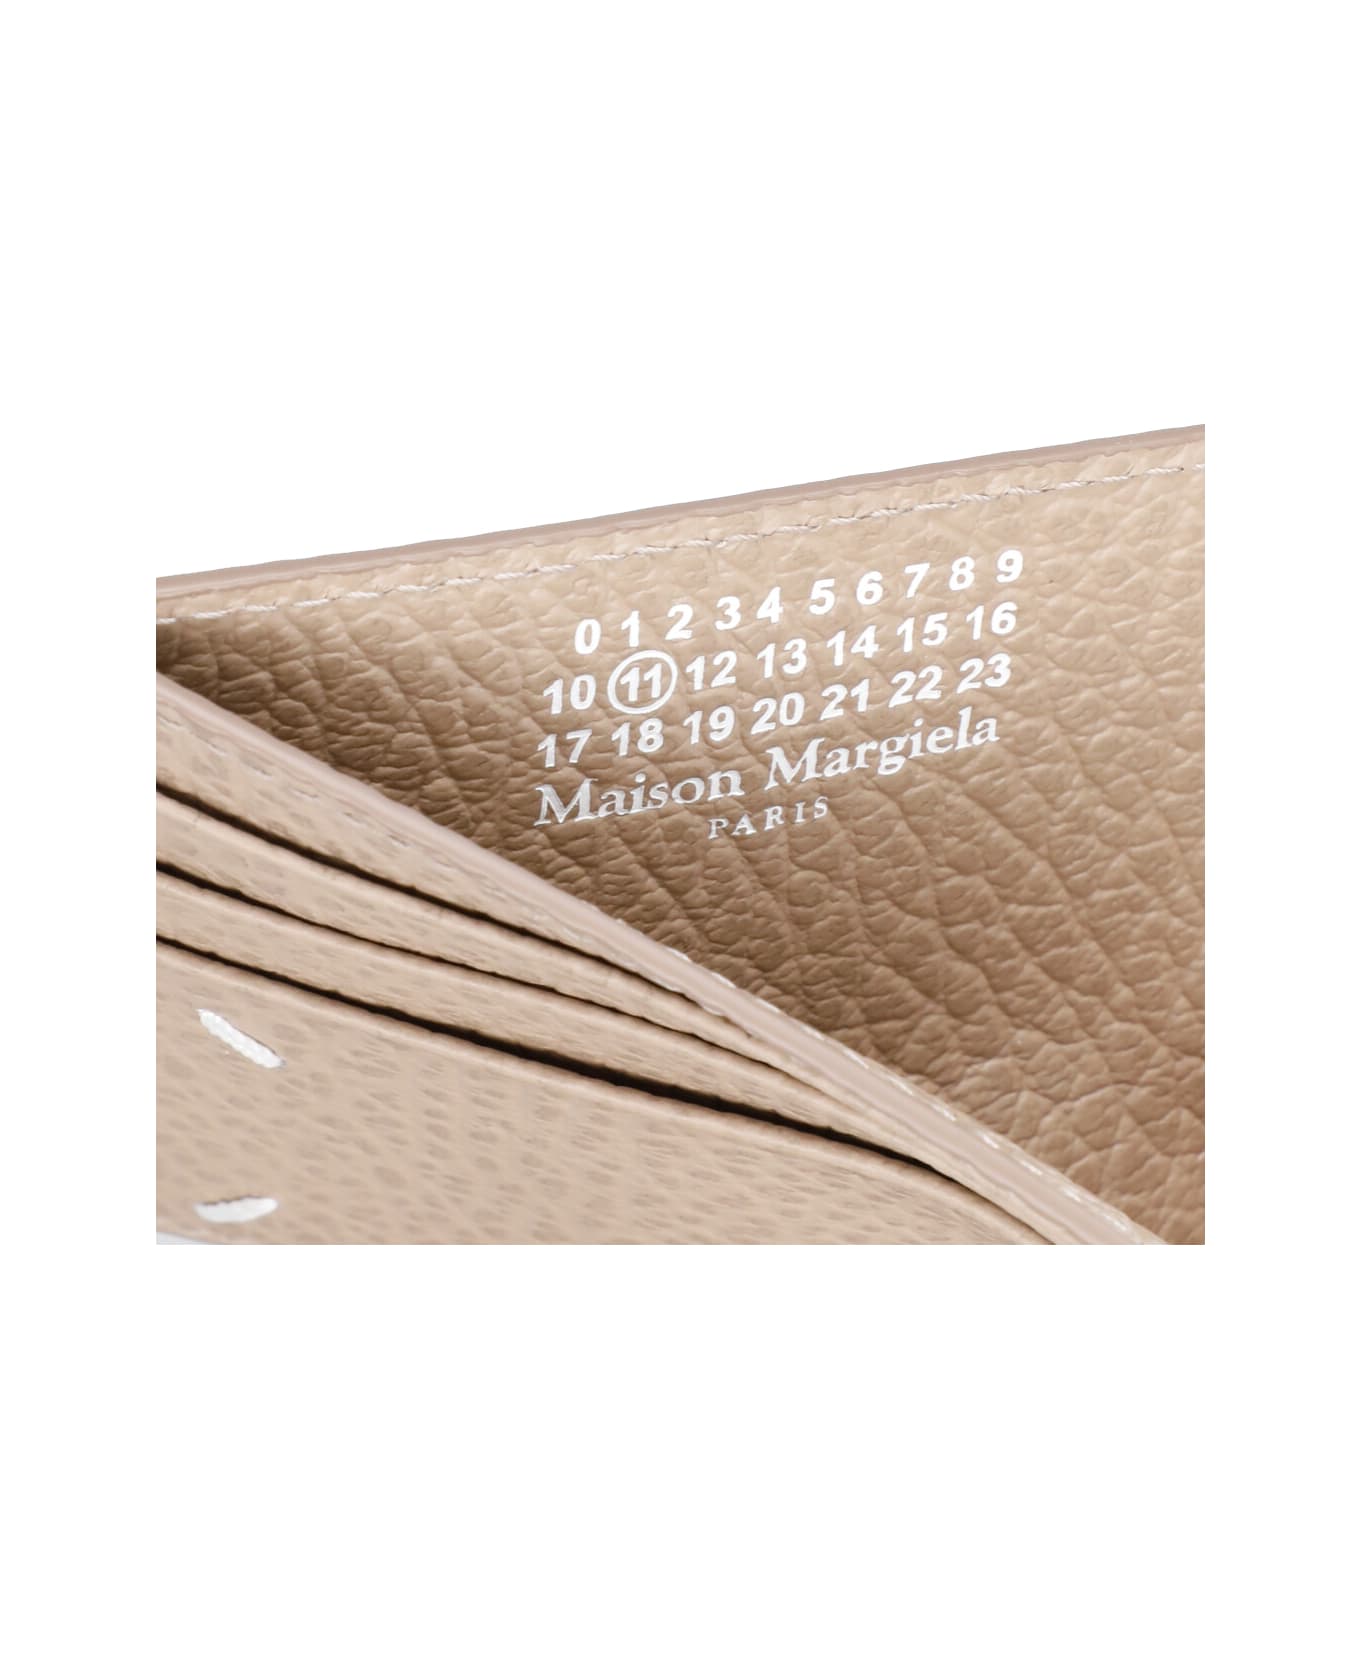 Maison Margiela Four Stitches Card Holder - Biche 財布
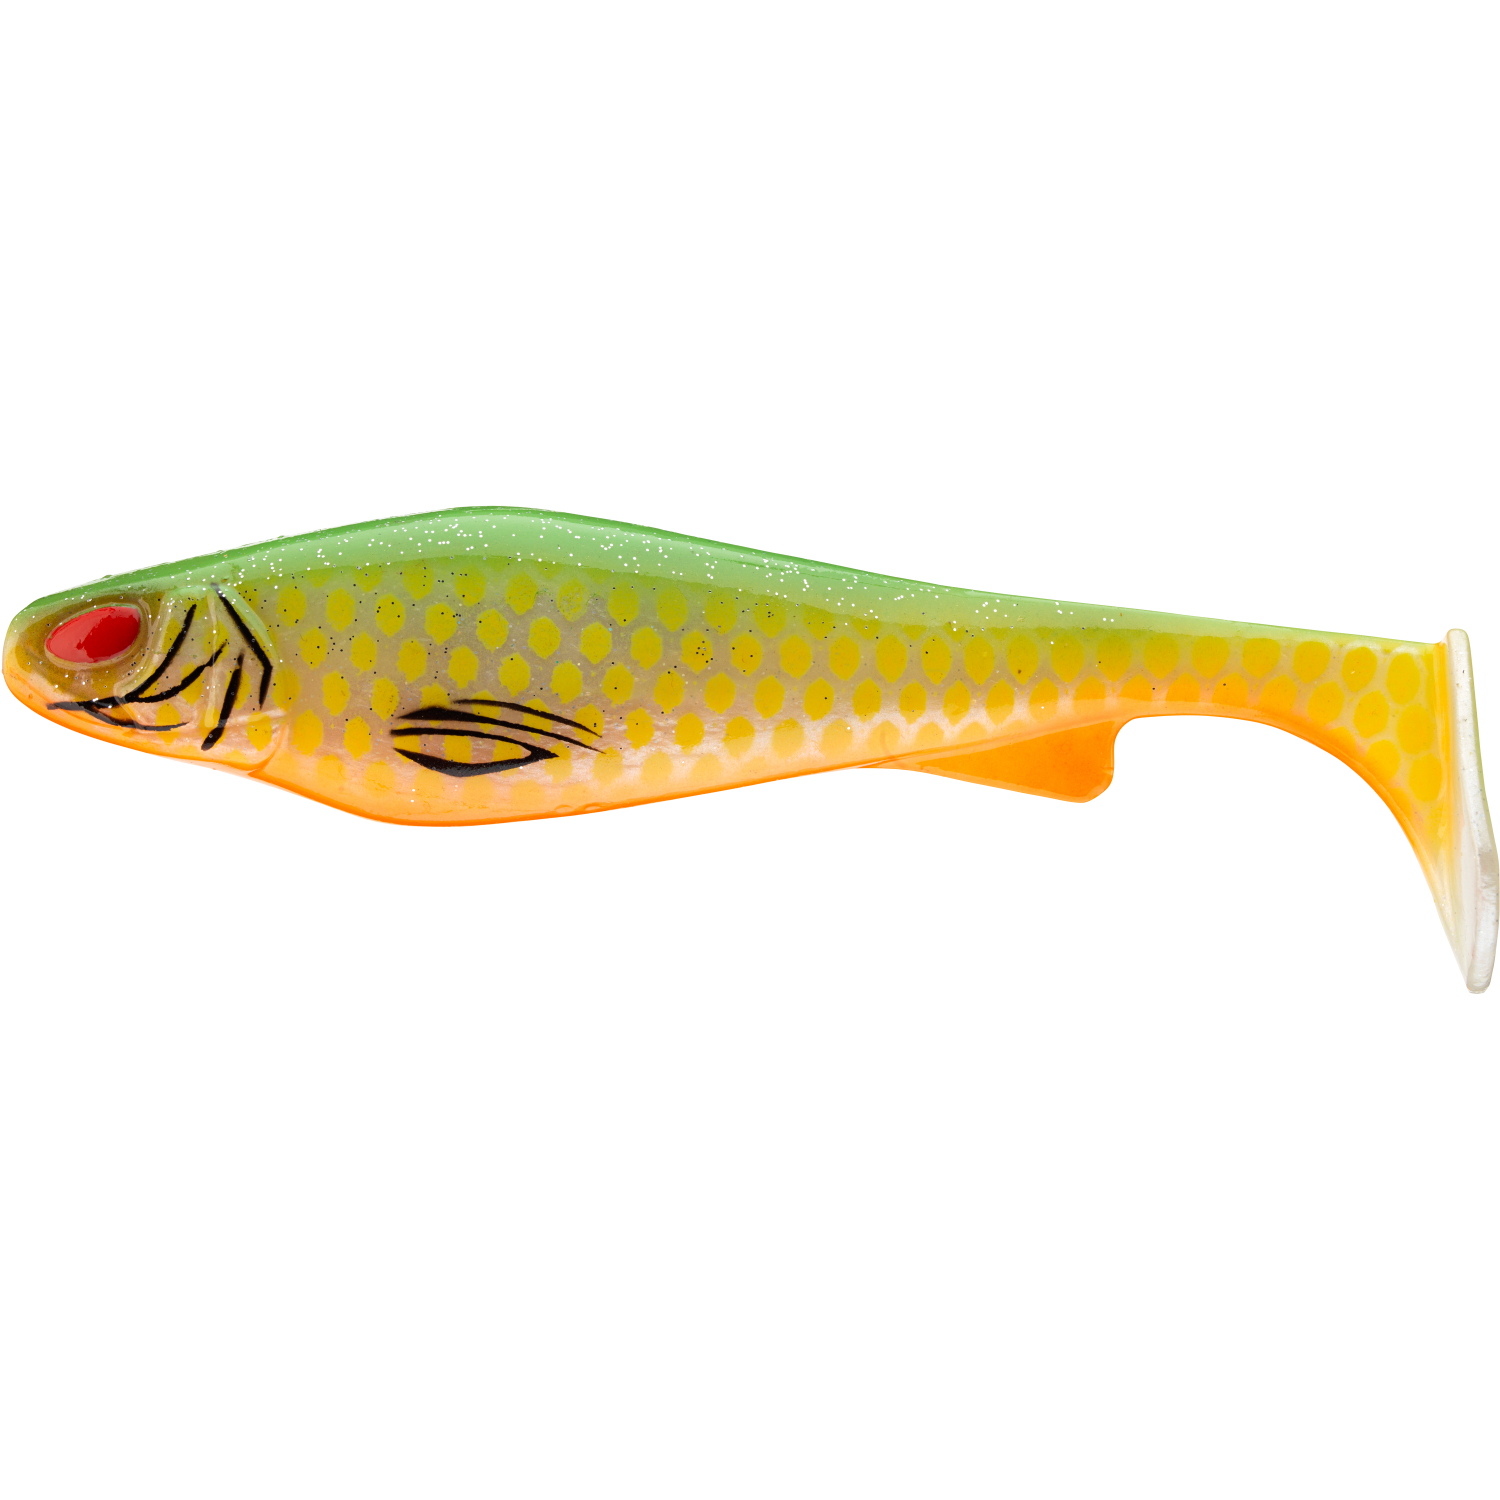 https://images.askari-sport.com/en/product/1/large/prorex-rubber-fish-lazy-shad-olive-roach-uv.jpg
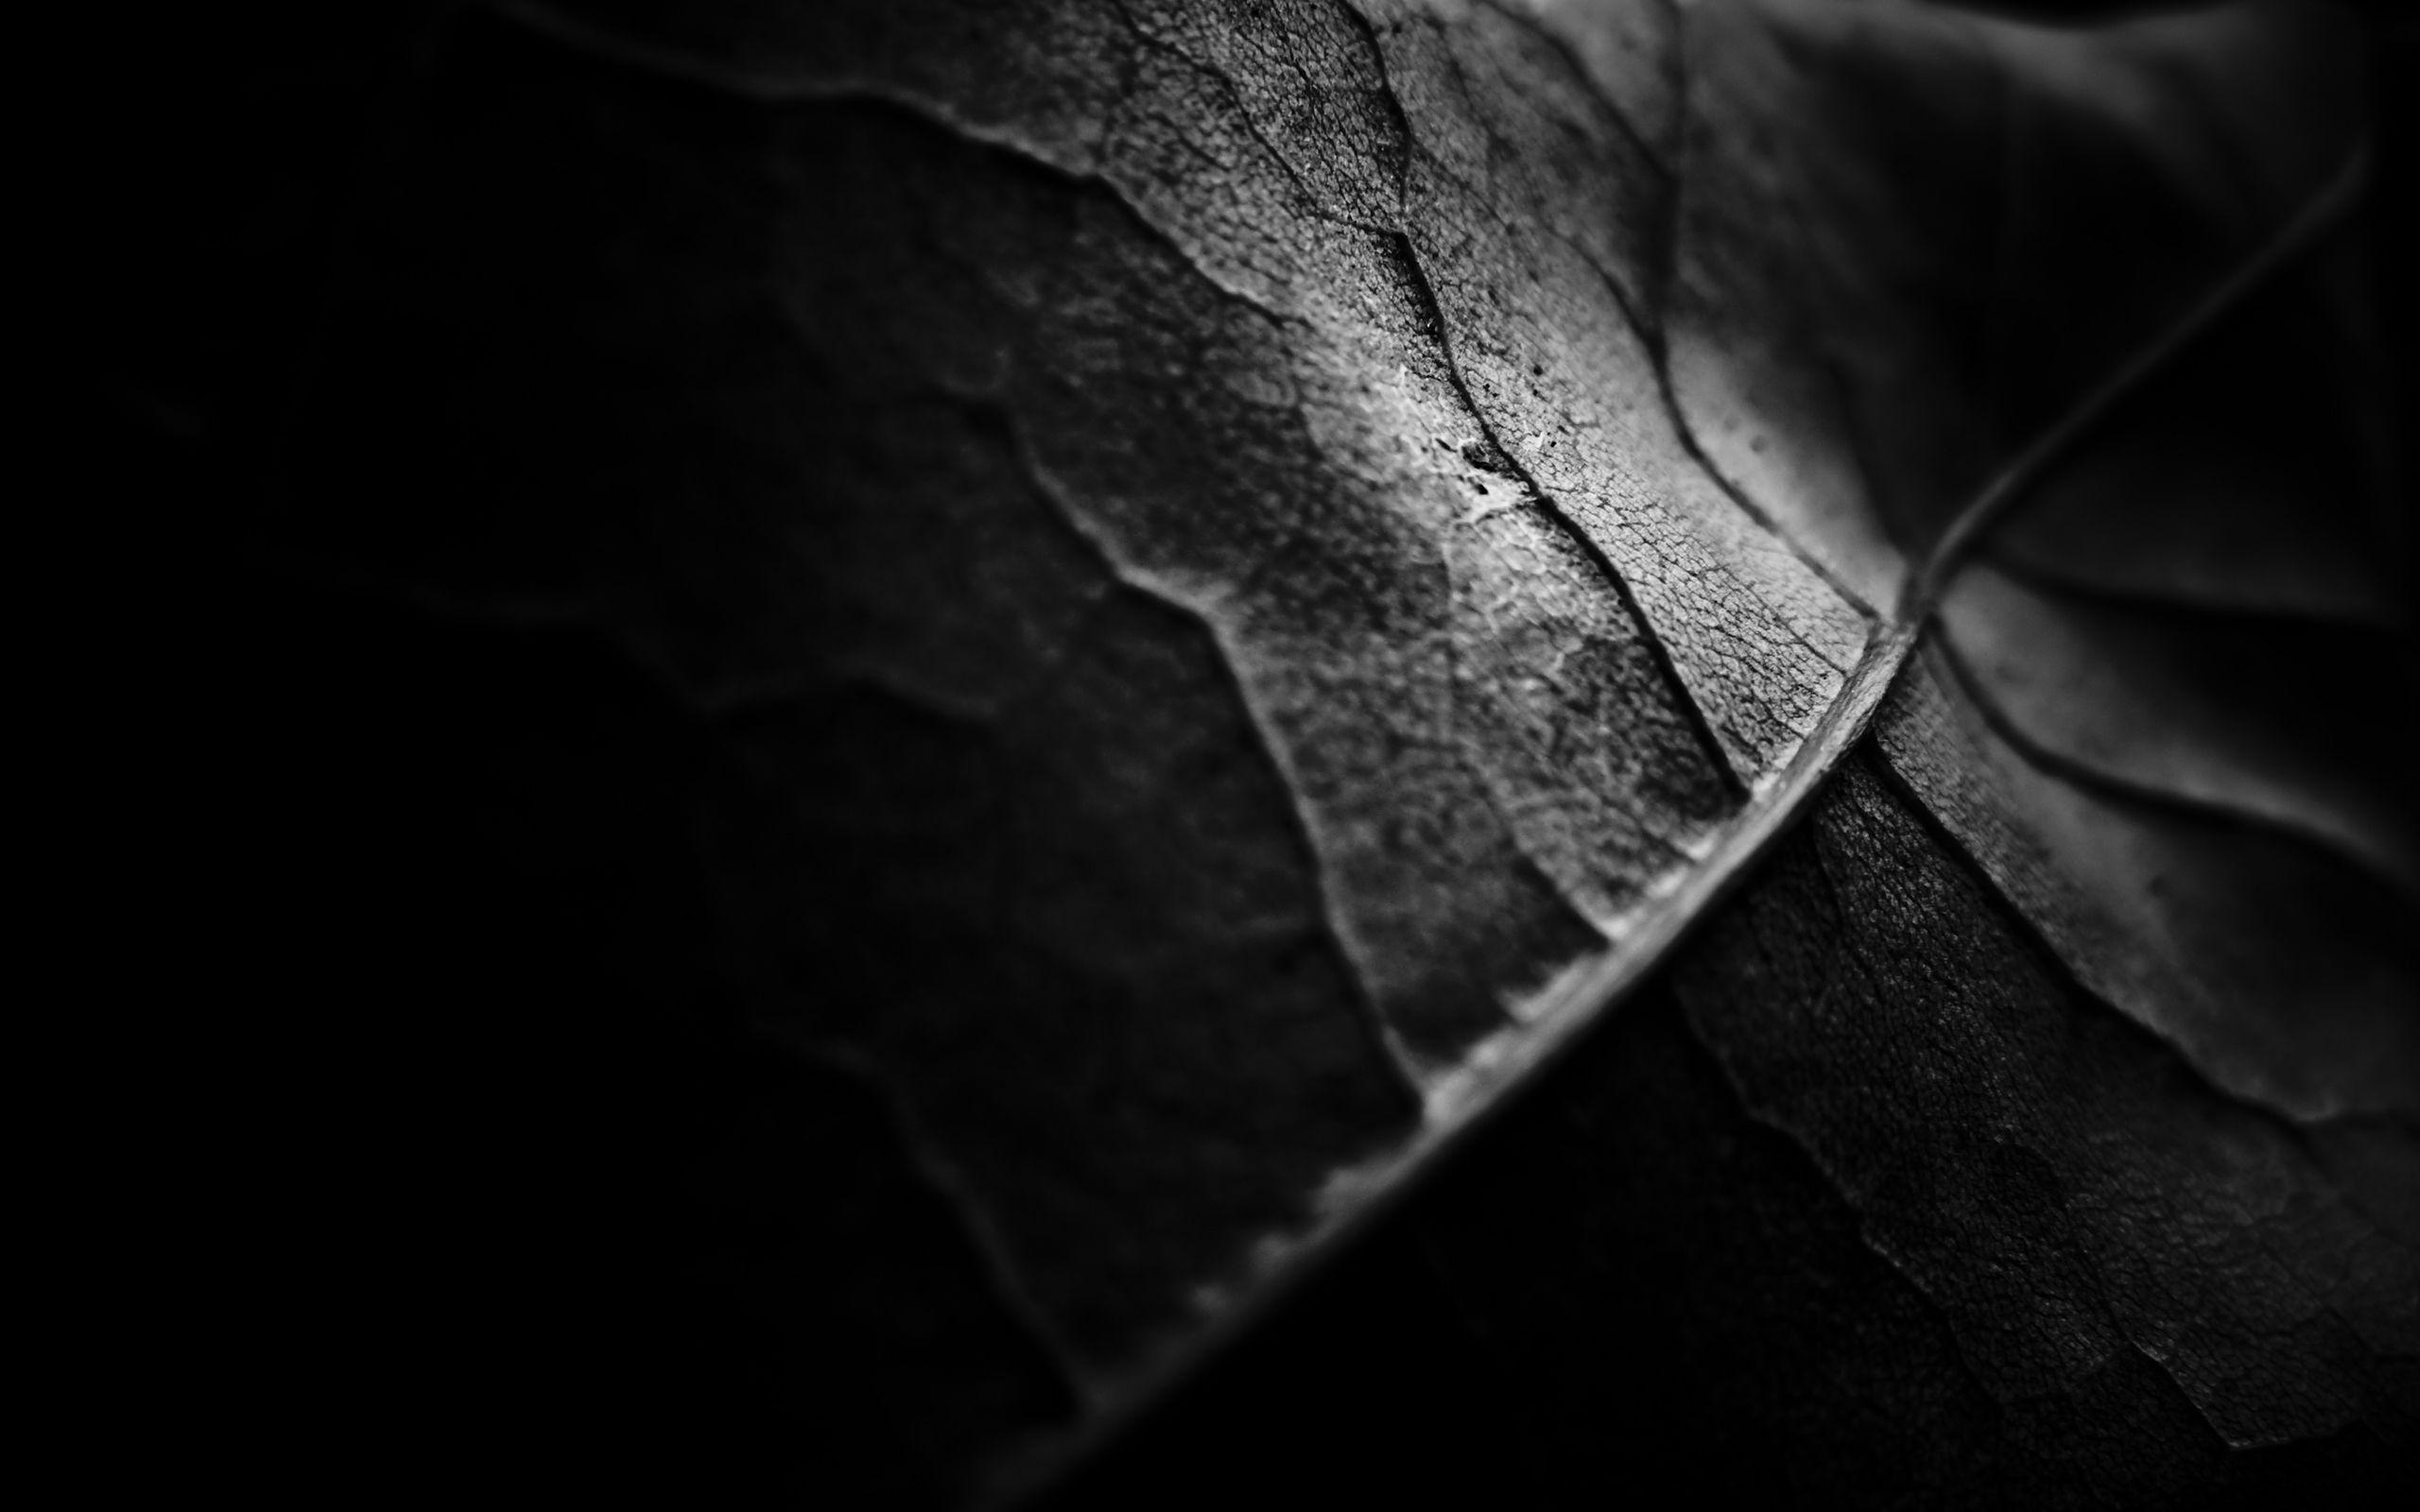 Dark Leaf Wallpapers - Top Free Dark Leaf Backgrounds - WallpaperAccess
☆ ☆ ☆ ☆ ☆ ☆ ☆
| ABOUT THIS TASK |
Without the pictures, output the full listing exactly as it stands.

| RESULT OF THIS EXERCISE |
 Maison Margiela Four Stitches Card Holder - Biche 財布
 https://images.askari-sport.com/en/product/1/large/prorex-rubber-fish-lazy-shad-olive-roach-uv.jpg
 Dark Leaf Wallpapers - Top Free Dark Leaf Backgrounds - WallpaperAccess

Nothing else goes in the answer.